Charlotte asked if I’d like to help her write a paper. I said, yeah, sure. My JRA time had already gone and I wasn’t being paid for it anymore, but I spent the week before term started staying up until 3am to write a literature review. The paper was presented at the Animal-Computer Interaction conference in 2018 in Atlanta and, because by then I was on track to start a PhD, the University was willing to see it as an investment to send me to Atlanta with Charlotte. It was crazy, and so much fun. It was so cool to meet people I’d referenced in the paper and to speak to people who were doing what I was doing.

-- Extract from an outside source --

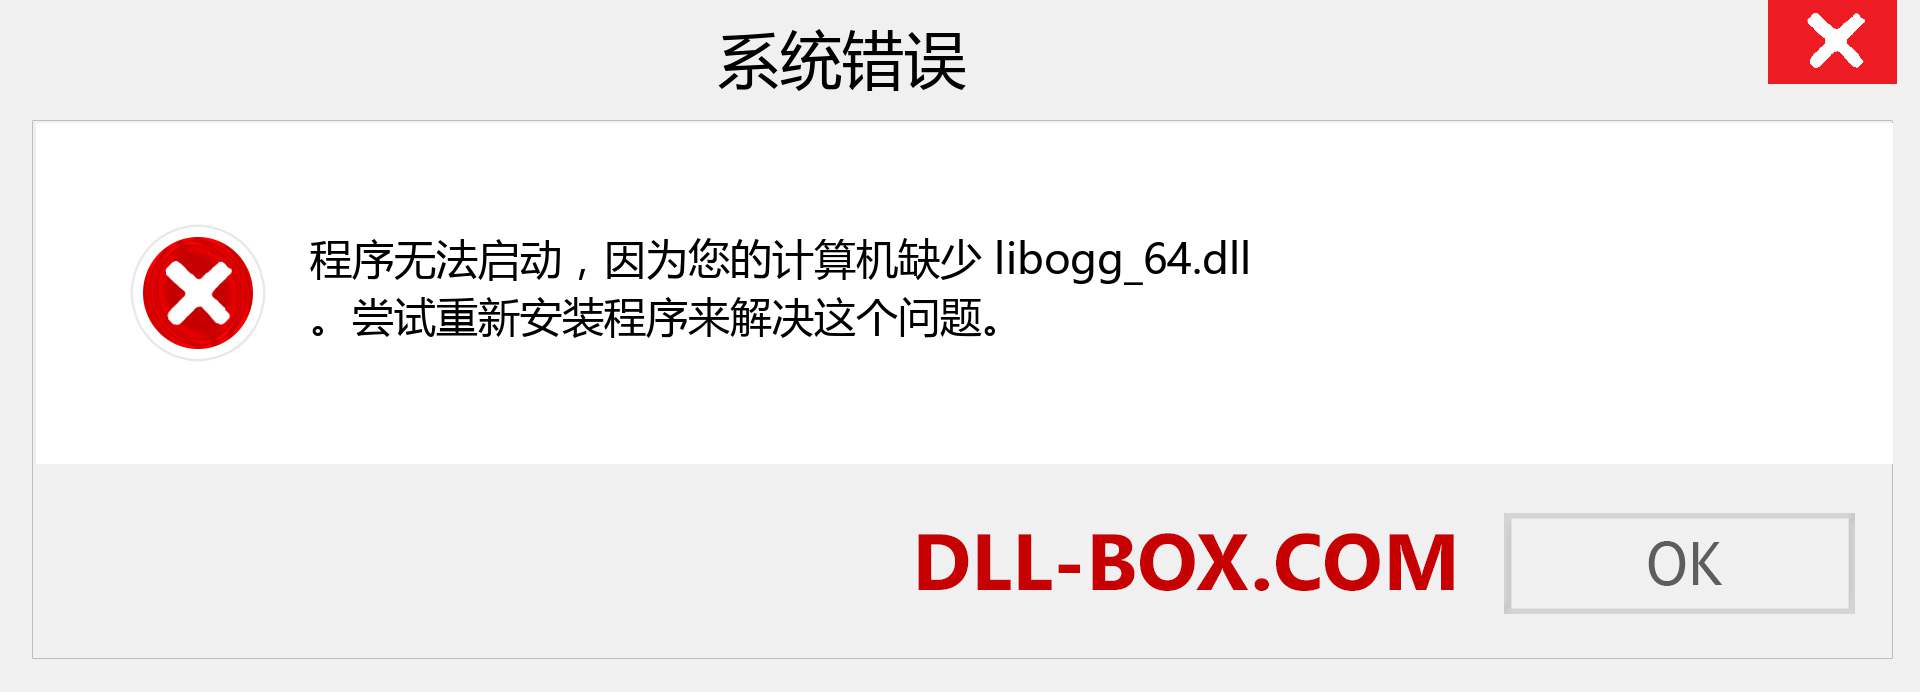 libogg_64.dll 文件丢失？。 适用于 Windows 7、8、10 的下载 - 修复 Windows、照片、图像上的 libogg_64 dll 丢失错误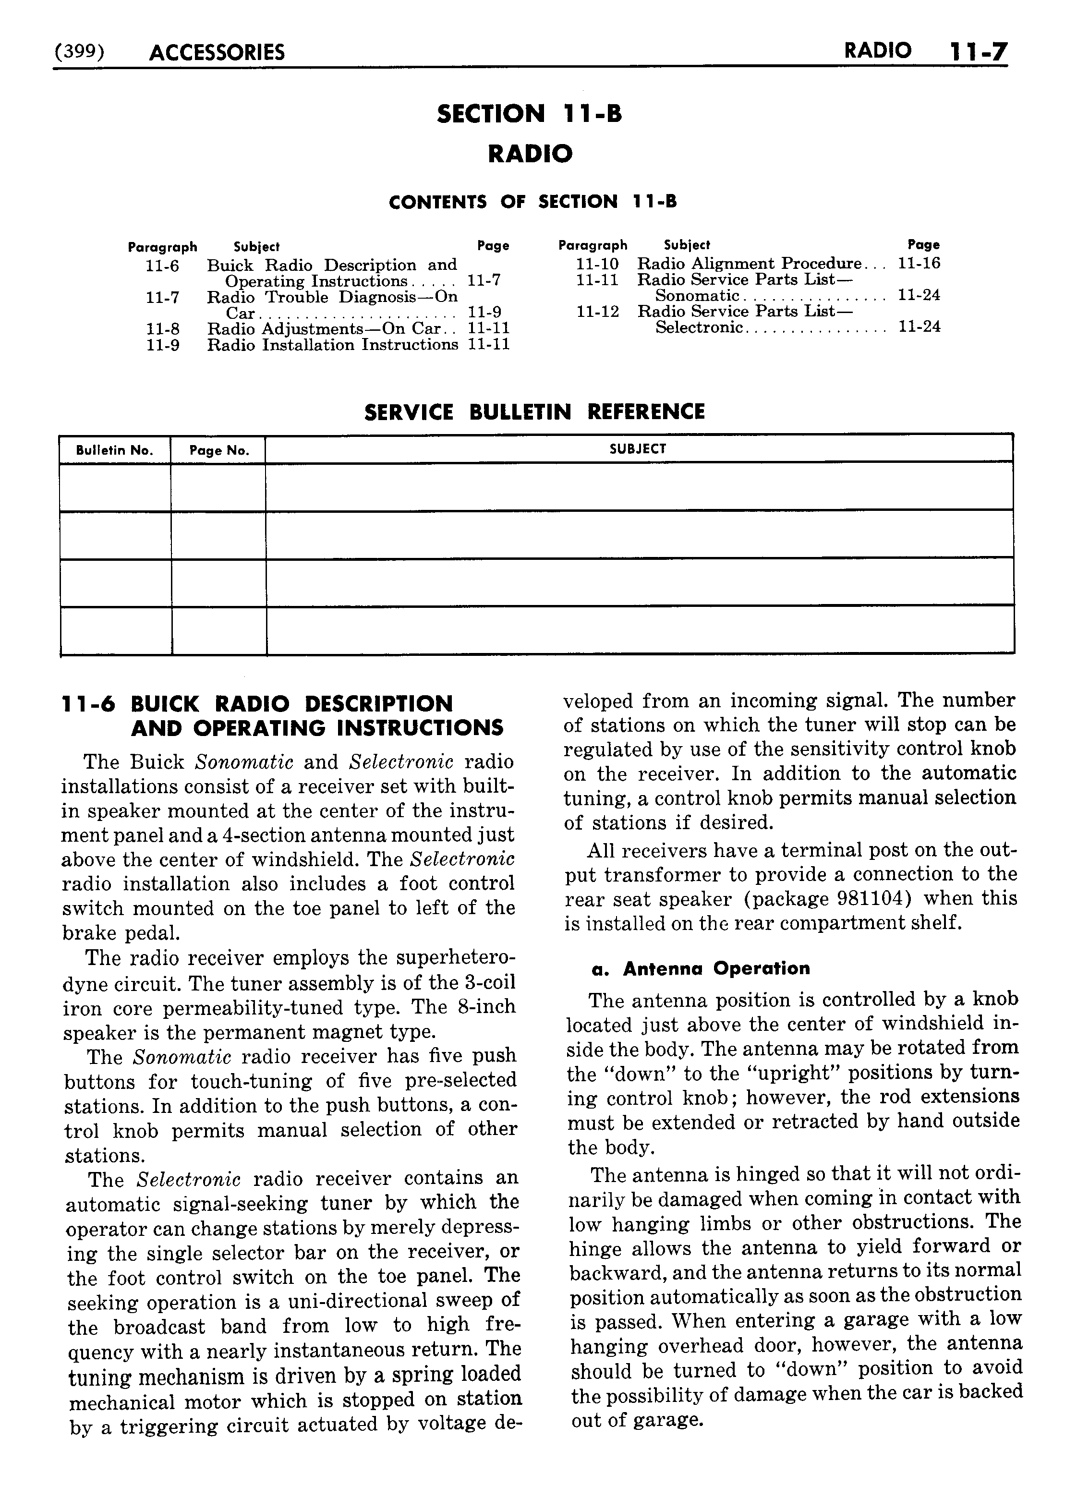 n_12 1951 Buick Shop Manual - Accessories-007-007.jpg

We wrote about the importance of not only using “expert” dogs in your studies. If you get an already well-trained dog to press your button, you can’t tell whether it’s effective design because the dogs are really smart. But if you ask another dog who hasn’t been trained and they can’t do it, it means it’s not really a button for dogs. It’s only a button for smart dogs. The paper was about how to select your participants for your studies. If other people are developing a dog video game and get ten smart dogs to test it, then when they market and say that every dog can use this game, that’s not really accurate.

I would love to work with dogs every day. Now that I have started getting into this field, I would like to work in industry and help to make technology for disabled people. This is tech for dogs, but also people. It’s such a big field of research and, at the moment, there are so many gaps in our knowledge.This summer I worked alongside two undergraduates and Charlotte, who is now my PhD supervisor, to design and build a treat dispenser for quadrapeligic individuals.This was shown at UbiComp/ISWC 2019 in London.

I didn’t know I wanted to do a PhD until it was offered to me. If you ask my family I would be the last person in my entire extended family to ever do a PhD or anything academic. If I hadn’t done the JRA, I imagine how different my life would be. One opportunity led to so many others that were handed to me. I am so grateful to everyone else who has helped and encouraged me, including my second PhD supervisor Judith Good.